* Goal of the exercise *
From the line with "Jason Skin Oil, Vitamin" to the line with "Hot wheels Neon", output every line below exactly, both ends included. Skip the pictures.

* Records for processing *
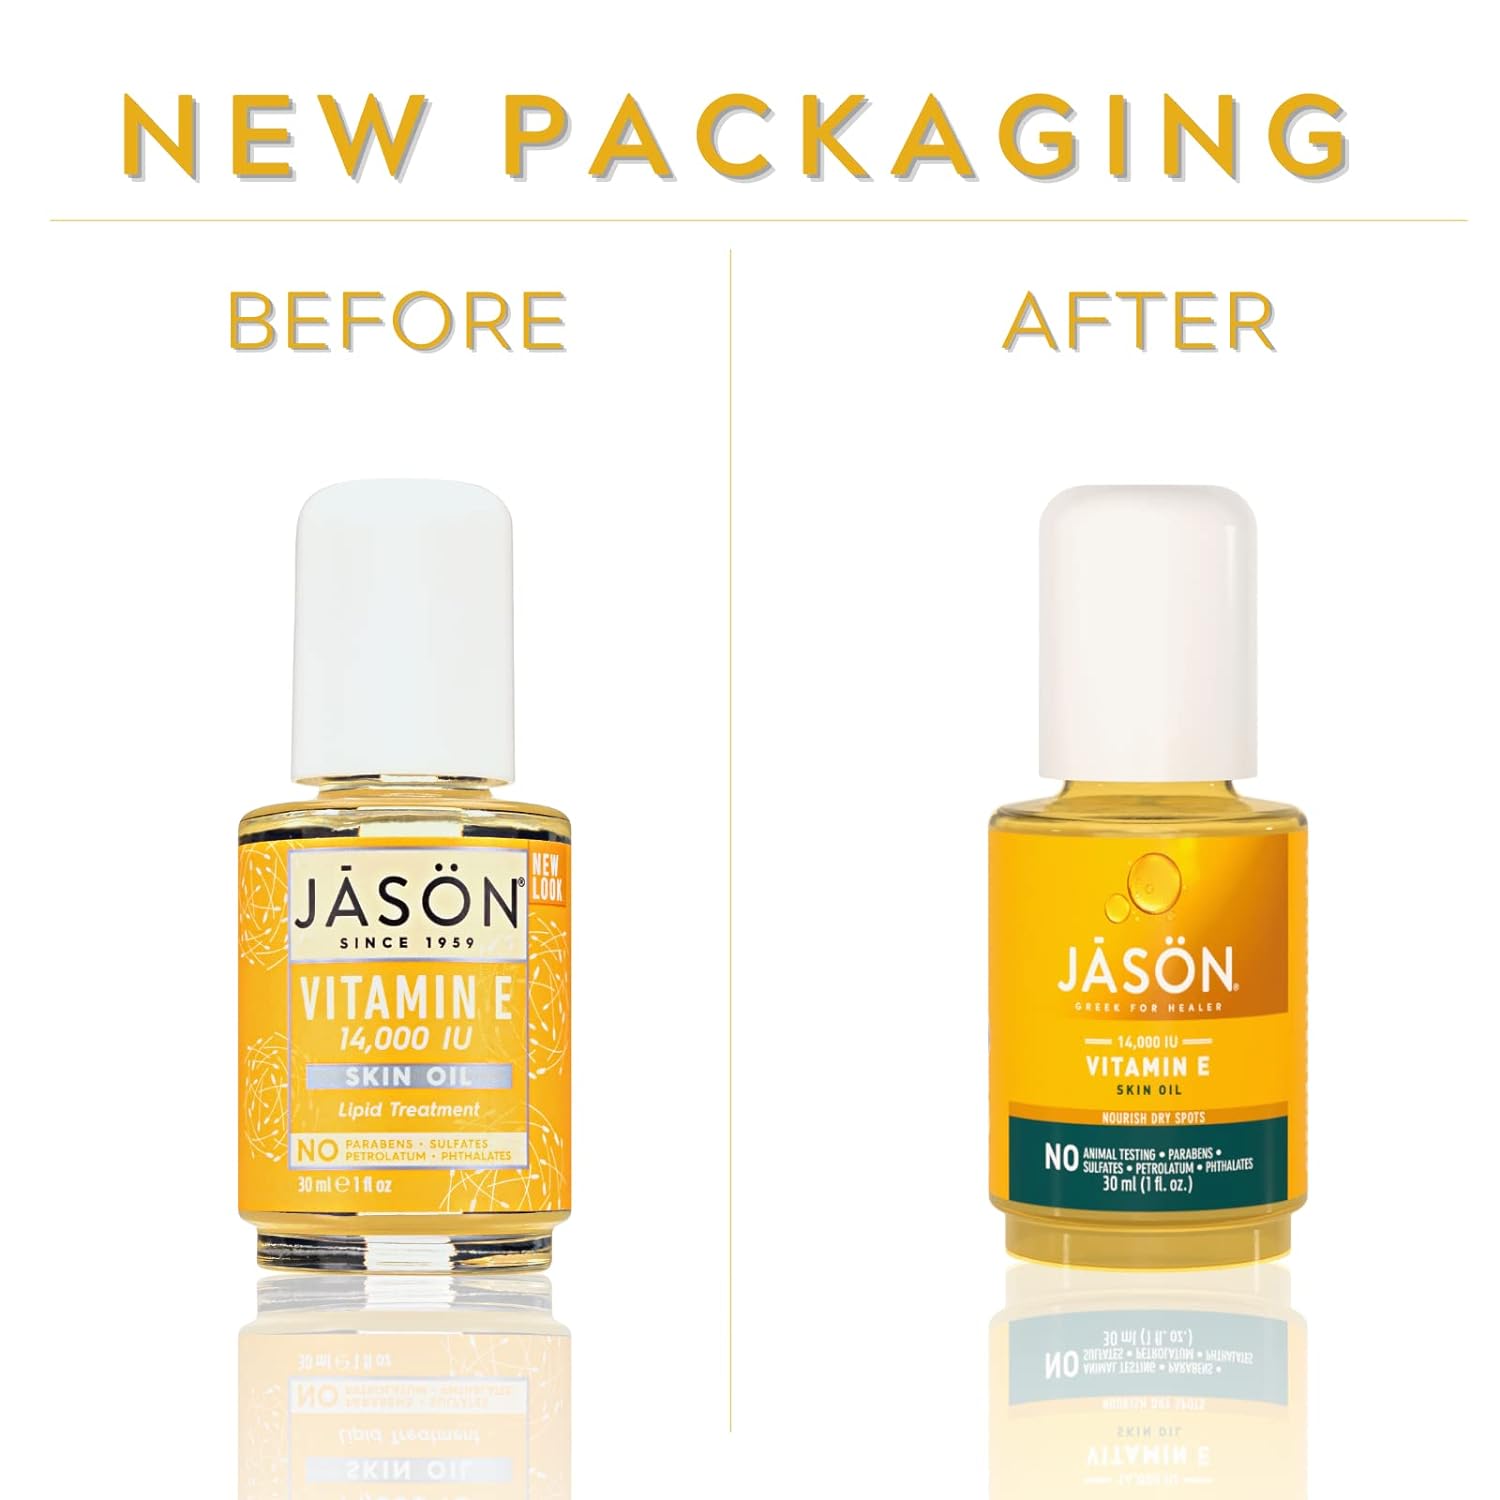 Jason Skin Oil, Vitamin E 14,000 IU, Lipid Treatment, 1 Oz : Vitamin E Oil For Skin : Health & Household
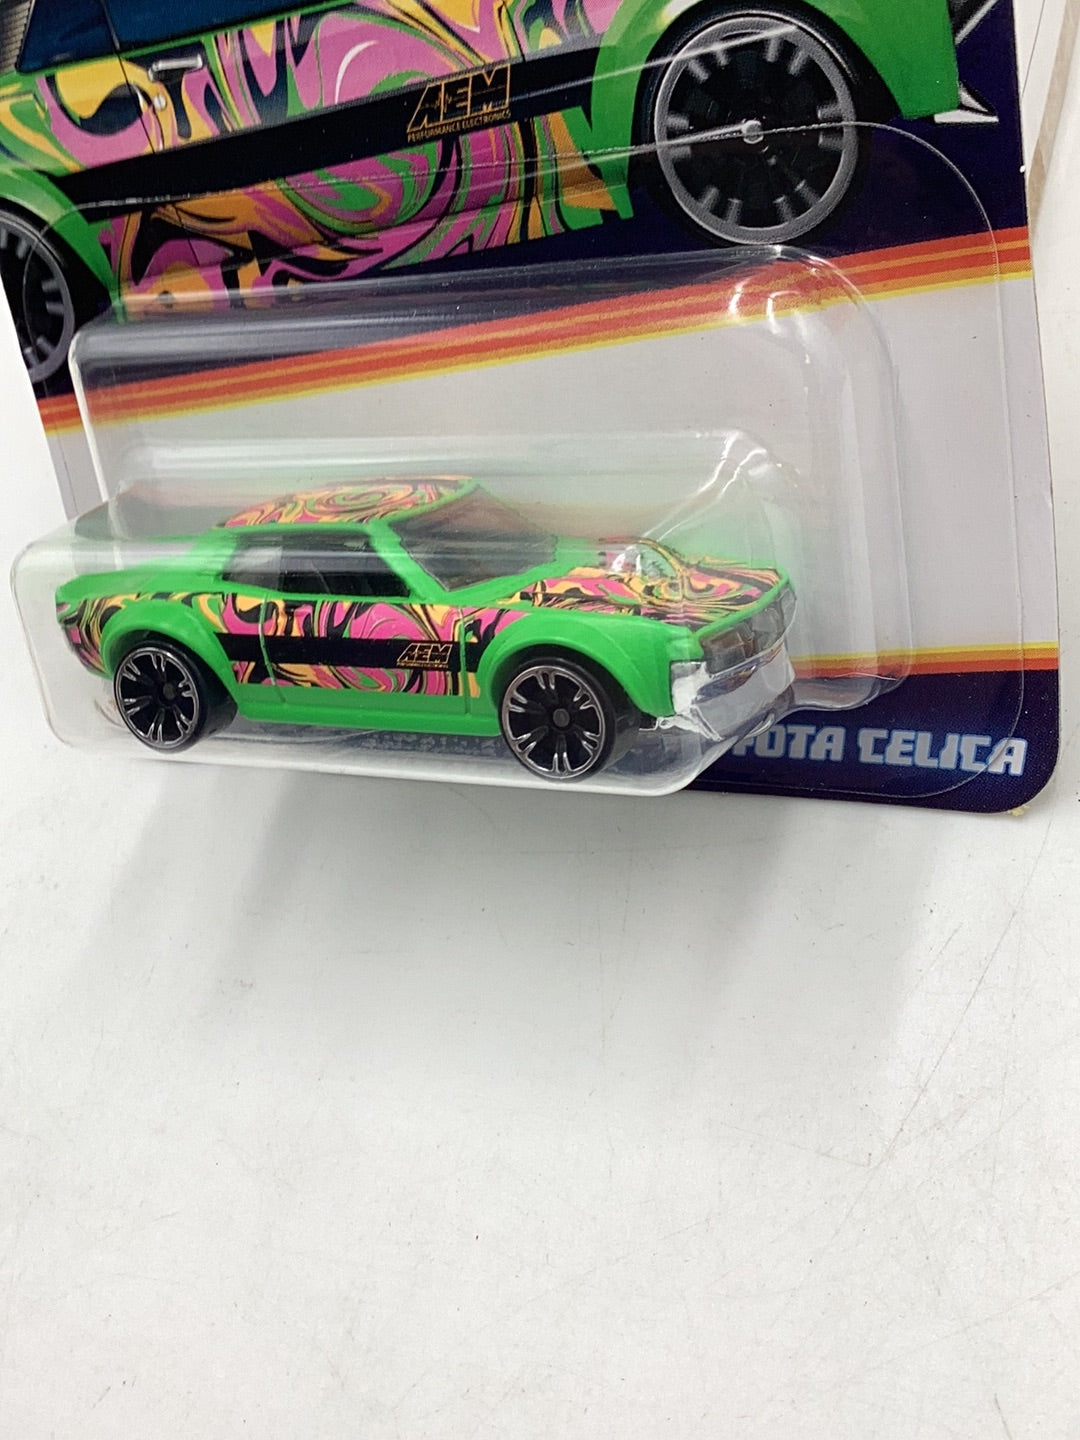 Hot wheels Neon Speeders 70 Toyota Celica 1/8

==

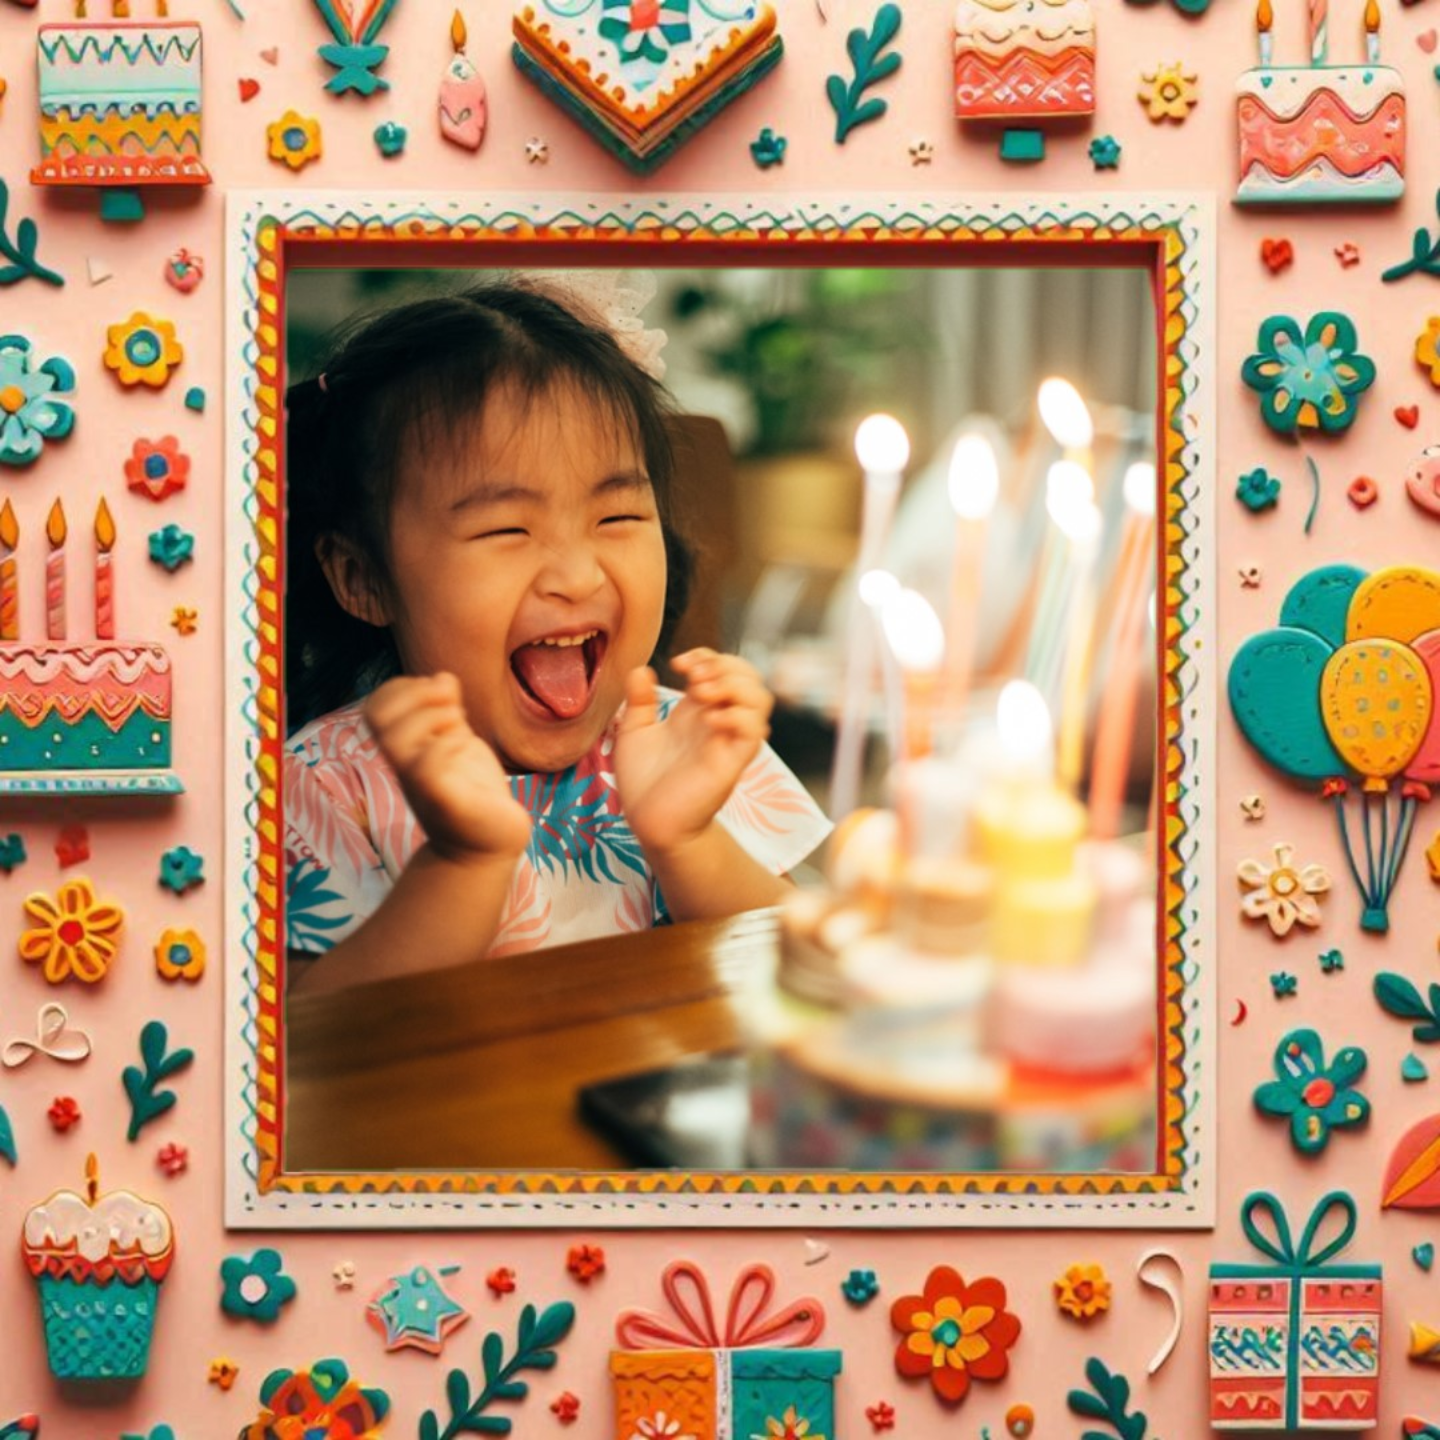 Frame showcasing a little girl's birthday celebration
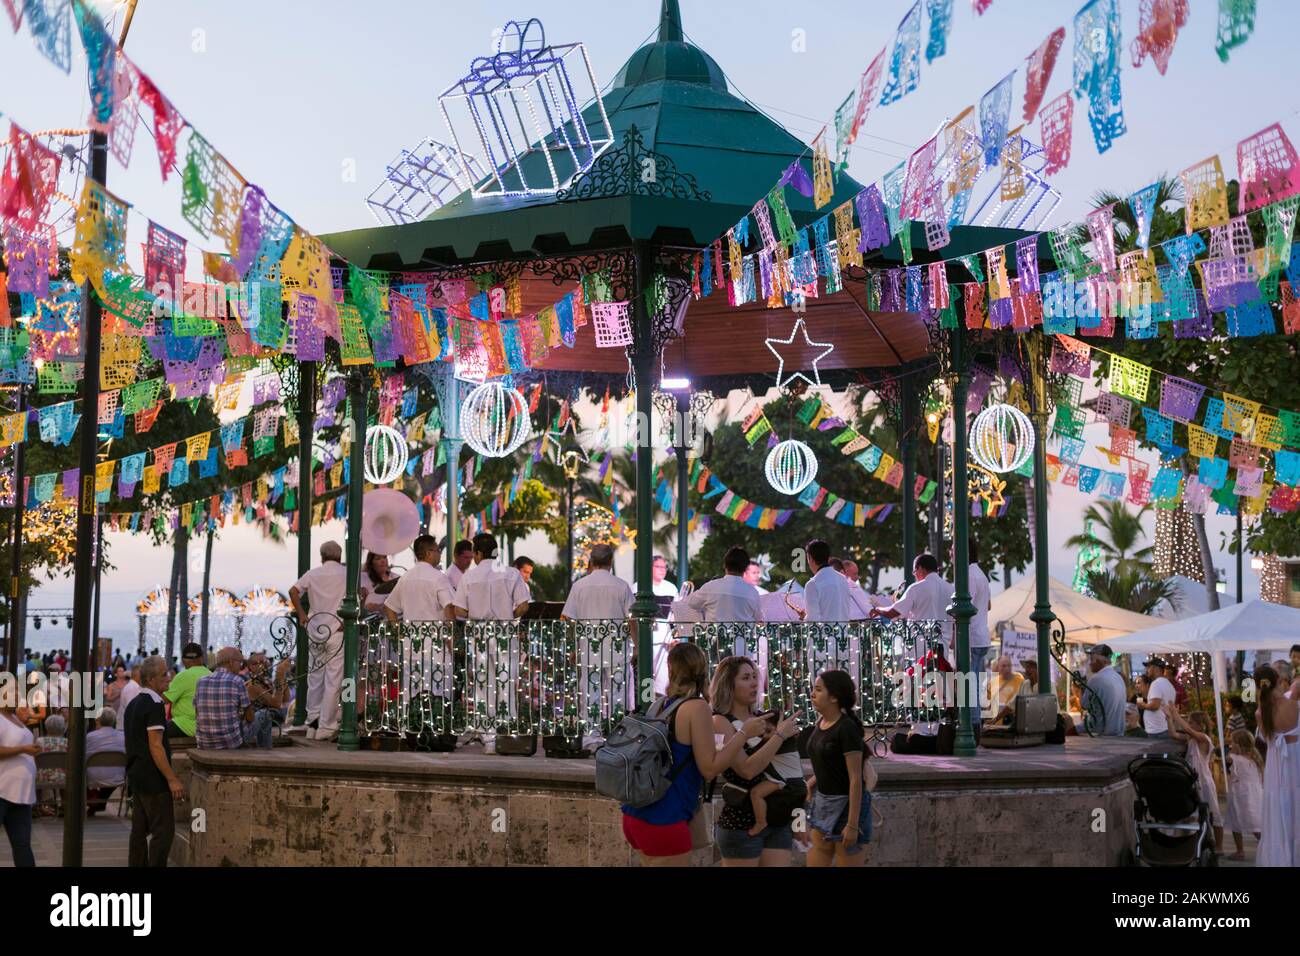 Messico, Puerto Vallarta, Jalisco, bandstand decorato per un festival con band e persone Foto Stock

...

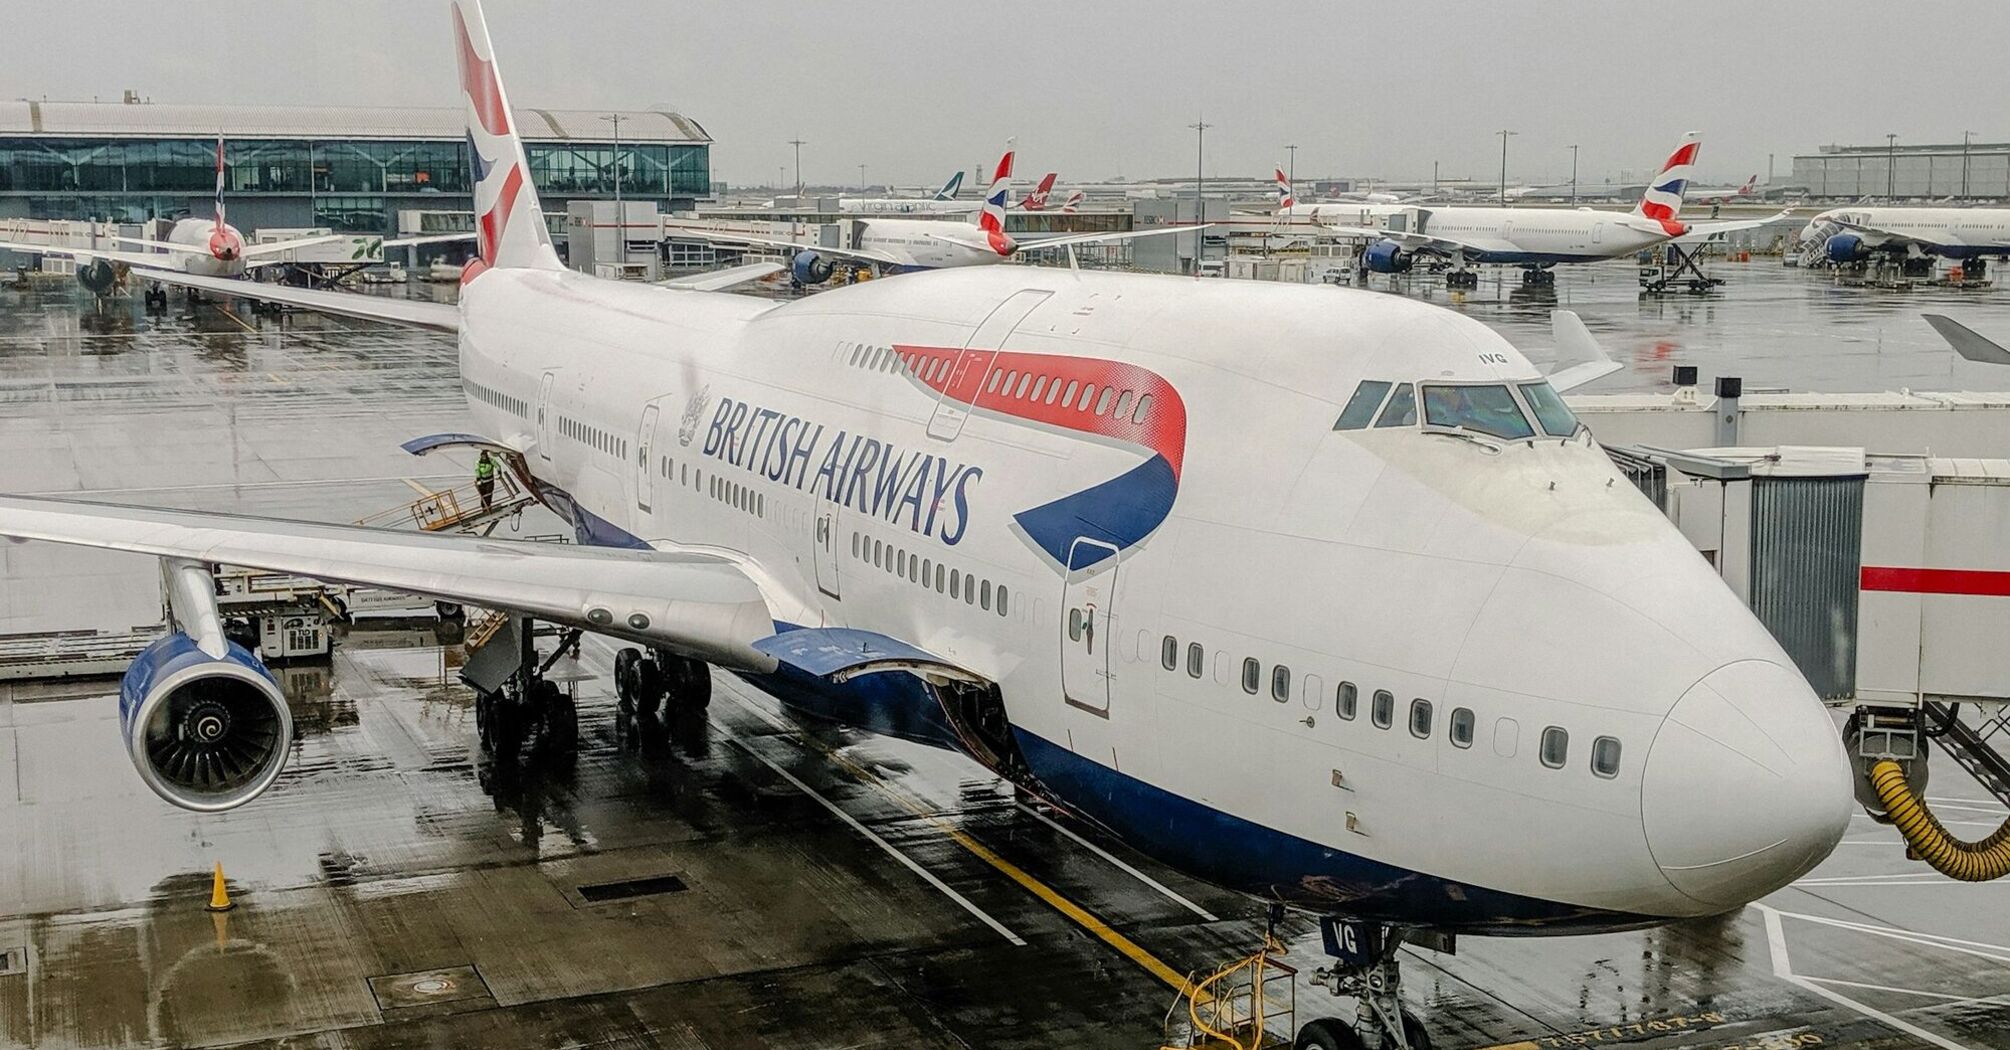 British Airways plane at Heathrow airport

* Problem solution *
 Jason Skin Oil, Vitamin E 14,000 IU, Lipid Treatment, 1 Oz : Vitamin E Oil For Skin : Health & Household
 Hot wheels Neon Speeders 70 Toyota Celica 1/8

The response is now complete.